HOME > MUTUAL FUND > EXPERT VIEWS
  EXPERT VIEWS
MUTUAL FUND NEWS
Goverment is likely to focus on infrastructure: Rohit Singhania
Thu, Jul 03, 2014
Source : Jeni Shukla, Citrus Interactive

Rohit Singhania manages DSP BlackRock TIGER Fund.  He is also the Co-Fund Manager for DSP BlackRock Natural Resources and New Energy Fund. He is a Research Analyst focusing on sectors like Auto, Auto to, Auto Ancillaries, Metals, Infrastructure, Sugar and Hotels. Rohit joined DSP BlackRock Investment Managers in September 2005, as Portfolio Analyst for the firm's Portfolio Management Services (PMS) division. He was transferred to the Institutional Equities Team of DSP BlackRock Investment Managers in June 2009.

In an interview with Jeni Shukla he shares his views on the DSP BlackRock TIGER Fund – which is focused on infrastructure and economic reforms. Looking at this sector is relevant in the current backdrop of expectations on this front from the new government.

What is your view on the infrastructure sector?

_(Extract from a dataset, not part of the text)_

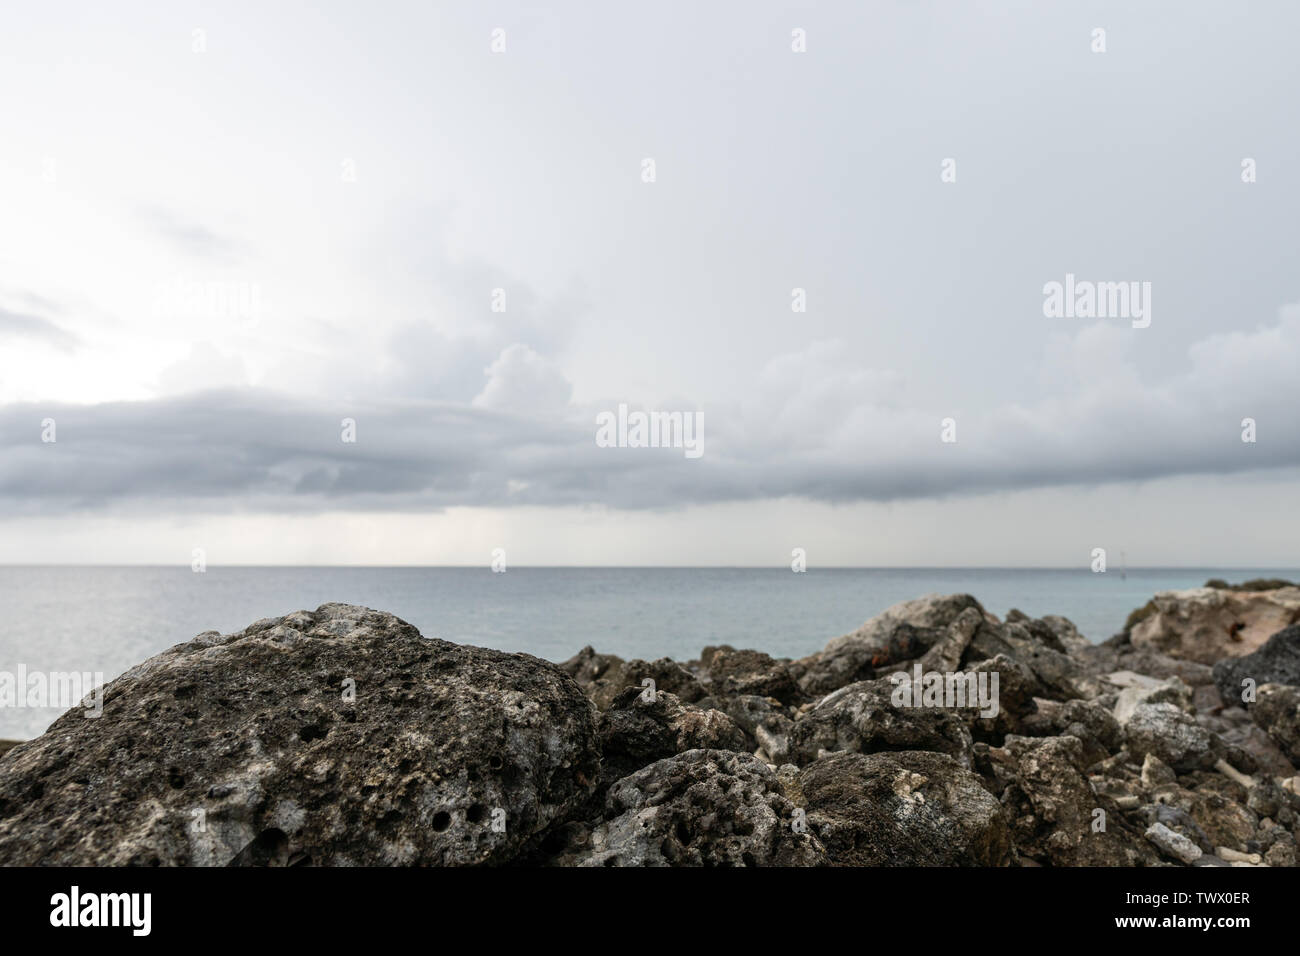 In the foreground in focus is a rocky shore. In the distance, the ocean and clouds Stock Photo

In the next 9 to 12 months, we do not expect any big-ticket projects or reforms to be announced by the new government. A lot of things have been left incomplete in the last one and a half to two years in terms of approvals of projects. The previous government had set up the Cabinet Committee on Investments (CCI) which cleared about 85-90 projects worth thousands of crores. The current government just needs to get these executed as these are the low-hanging fruits. Many companies have a lot of money as capital work-in-progress or have taken lot of debt and are not getting any returns. The working capital cycle should pick up with the clearances and execution in place. In the banking space too, we are seeing downgrades in book value and rising NPAs every quarter. With payments coming in and execution taking place, this situation is expected to improve. After the Budget of 2015, the government might announce big projects. By that time I hope the interest rates should have also come down.

 

What is the fund management style and approach for DSPBR TIGER Fund?

In terms of the overall construct of the fund, as it’s related to the theme of infrastructure and economic reform, the starting point is a top-down approach, keeping in mind factors like the political environment, macro-economic situation, prevailing interest rates and policy expectations among others. After looking at the broad macro-environment , we analyse which sectors (roads, power etc) will do well, which sub-sectors will do well and which companies within the sector will do well. The key areas of focus are our confidence on management, strength of the balance sheet, the order book and its execution cycle.

 

Why was S&P BSE 100 chosen as the benchmark?           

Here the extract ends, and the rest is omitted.